The example given in the article is "meet your new hires on the first day."
This was a new and shiny at one point in time. It's become new and shiny
again, because now someone is paying attention to it. But it will soon become
old and crufty, and then forgotten, unless one can manage to _enshrine_ it.

Find out where in the organizational vision this insight belongs. The
organizational vision is the new and shiny that stays new and shiny, because
everyone participates in and contributes to it.

This doesn't just happen. It's the job of upper management to keep the
organizational vision alive. If it doesn't, then it gets old and crufty, and
then forgotten, like everything else, until someone suddenly wakes up again
and says, "hey this would be really cool!"

This applies to personal life as well.

------
arikr
From patio11 on twitter:

[https://threadreaderapp.com/thread/936615043126370306.html](https://threadreaderapp.com/thread/936615043126370306.html)

Some people really benefit from hearing advice that everyone knows, for the
same reason we keep schools open despite every subject in them having been
taught before.

In that spirit, here's some quick Things Many People Find Too Obvious To Have
Told You Already.

Your idea is not valuable, at all.

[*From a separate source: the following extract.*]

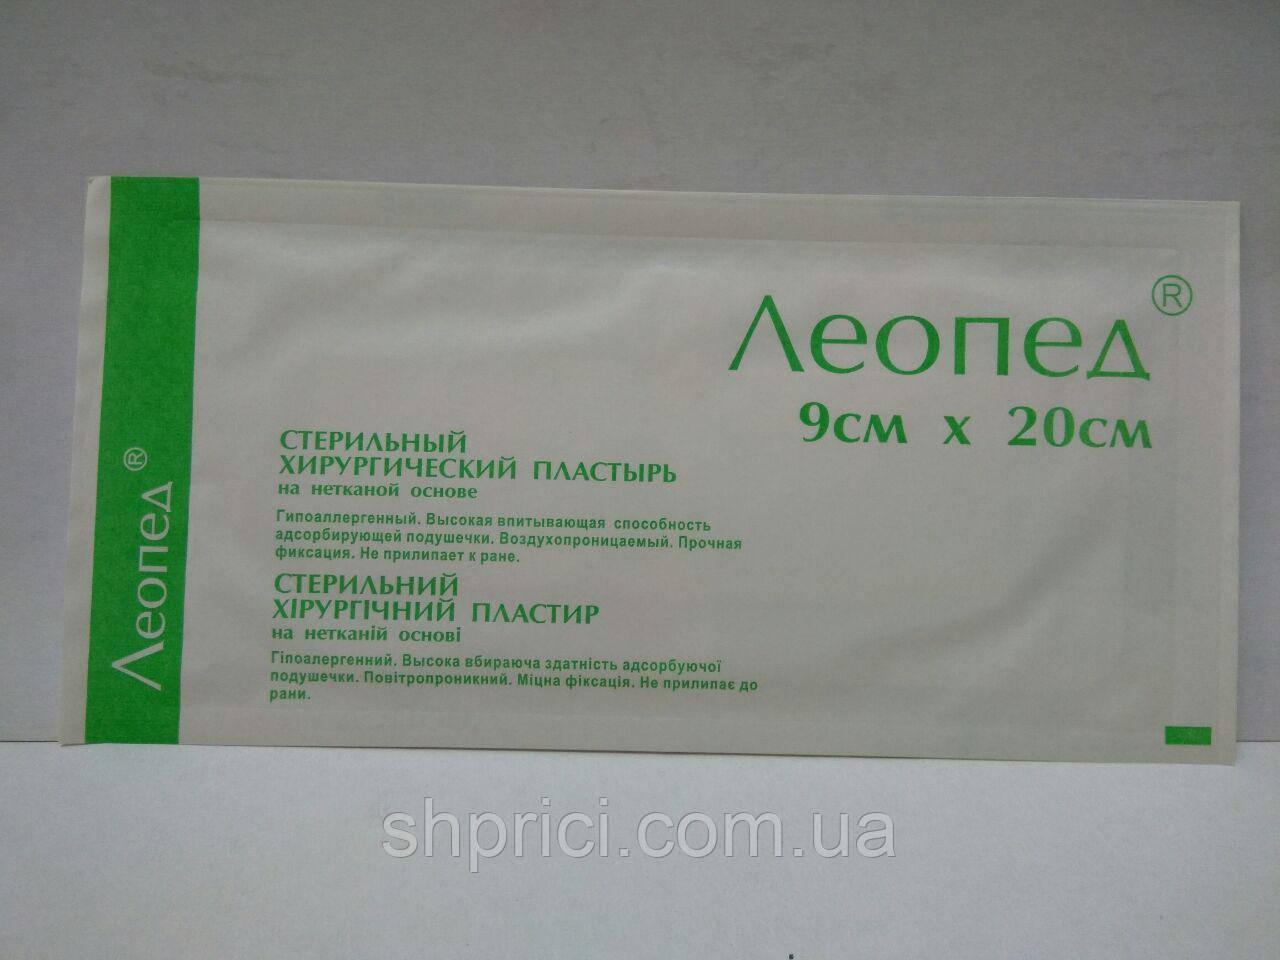 Пластырь хирургический 9см*20 см Леопед стерильный на нетканой основе, №1 / Леон-Фарм

All value is in the execution. You think
you are an exception; you are not. You should not insist on an NDA to talk
about it; nobody serious will engage in contract review over an idea, and this
will mark you as clueless. Technologists tend to severely underestimate the
difficulty and expense of creating software, especially at companies which do
not have fully staffed industry leading engineering teams ("because software
is so easy there, amirite guys?")

Charge more. Charge more still. Go on.

The press is a lossy and biased compression of events in the actual world, and
is singularly consumed with its own rituals, status games, and incentives. The
news necessarily fails to capture almost everything which happened yesterday.
What it says is important usually isn't.

Companies find it incredibly hard to reliably staff positions with hard-
working generalists who operate autonomously and have high risk tolerances.
This is not the modal employee, including at places which are justifiably
proud of the skill/diligence/etc of their employees.

The hardest problem in B2C is distribution. The hardest problem in B2B is
sales. AppAmaGooBookSoft are AppAmaGooBookSoft primarily because they have
mortal locks on distribution.

Everyone in Silicon Valley uses equity, and not debt, to fuel their growth
because debt is not available in sufficient quantities to poorly capitalized
companies without a strong history of adequate cash flows to service debt.

Investors in venture-back companies are purchasing a product. It is critically
important to understand that that product is growth. The reason tech is
favored as an asset class that it appears to be one of few sources of growth
available on the market at the moment at any price.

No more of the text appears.